**Exercise brief**:
Every line in the entries where "Images" is found should be copied.

Available records: Begin

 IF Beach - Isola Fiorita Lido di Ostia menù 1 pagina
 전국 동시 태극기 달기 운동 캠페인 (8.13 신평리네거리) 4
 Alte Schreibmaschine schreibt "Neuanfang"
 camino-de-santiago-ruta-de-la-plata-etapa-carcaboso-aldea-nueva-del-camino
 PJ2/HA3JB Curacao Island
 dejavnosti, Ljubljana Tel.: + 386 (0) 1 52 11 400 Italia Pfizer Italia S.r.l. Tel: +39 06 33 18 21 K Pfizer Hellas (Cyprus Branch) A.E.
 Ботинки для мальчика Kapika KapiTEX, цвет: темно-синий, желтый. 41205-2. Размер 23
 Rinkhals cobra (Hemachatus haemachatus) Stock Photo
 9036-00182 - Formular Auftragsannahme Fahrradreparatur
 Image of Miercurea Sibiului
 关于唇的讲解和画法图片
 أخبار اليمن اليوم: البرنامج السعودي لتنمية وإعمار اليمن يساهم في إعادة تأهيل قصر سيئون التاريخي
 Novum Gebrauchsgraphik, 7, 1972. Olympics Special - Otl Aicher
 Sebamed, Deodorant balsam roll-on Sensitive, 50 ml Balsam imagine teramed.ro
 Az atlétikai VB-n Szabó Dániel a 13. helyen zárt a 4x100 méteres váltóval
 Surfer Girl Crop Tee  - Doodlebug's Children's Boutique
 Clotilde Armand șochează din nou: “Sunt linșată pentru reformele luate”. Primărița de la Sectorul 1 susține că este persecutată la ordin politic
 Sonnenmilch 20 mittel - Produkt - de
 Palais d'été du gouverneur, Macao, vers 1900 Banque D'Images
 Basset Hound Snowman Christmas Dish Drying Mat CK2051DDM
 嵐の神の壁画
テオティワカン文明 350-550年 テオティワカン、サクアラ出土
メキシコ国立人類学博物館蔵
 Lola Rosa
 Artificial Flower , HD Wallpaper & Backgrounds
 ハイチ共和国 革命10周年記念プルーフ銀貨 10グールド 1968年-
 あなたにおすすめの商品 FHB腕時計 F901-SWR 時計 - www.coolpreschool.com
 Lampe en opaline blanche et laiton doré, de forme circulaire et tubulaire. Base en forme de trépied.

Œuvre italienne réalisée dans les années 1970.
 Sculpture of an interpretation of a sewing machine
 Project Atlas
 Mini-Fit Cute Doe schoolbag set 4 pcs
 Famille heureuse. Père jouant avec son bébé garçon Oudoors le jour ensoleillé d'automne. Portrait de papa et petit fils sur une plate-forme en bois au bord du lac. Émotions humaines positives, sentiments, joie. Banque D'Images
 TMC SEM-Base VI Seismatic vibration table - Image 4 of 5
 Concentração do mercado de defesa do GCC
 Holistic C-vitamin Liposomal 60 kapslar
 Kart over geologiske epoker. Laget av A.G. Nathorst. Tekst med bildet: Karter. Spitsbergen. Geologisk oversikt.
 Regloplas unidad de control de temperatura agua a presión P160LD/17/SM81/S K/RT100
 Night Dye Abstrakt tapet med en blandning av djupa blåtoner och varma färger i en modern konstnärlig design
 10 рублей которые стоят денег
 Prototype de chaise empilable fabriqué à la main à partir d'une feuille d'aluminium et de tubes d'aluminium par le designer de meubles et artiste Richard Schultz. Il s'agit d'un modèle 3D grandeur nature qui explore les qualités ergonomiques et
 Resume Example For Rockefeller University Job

Available records: End

**Written solution**:
 Palais d'été du gouverneur, Macao, vers 1900 Banque D'Images
 Famille heureuse. Père jouant avec son bébé garçon Oudoors le jour ensoleillé d'automne. Portrait de papa et petit fils sur une plate-forme en bois au bord du lac. Émotions humaines positives, sentiments, joie. Banque D'Images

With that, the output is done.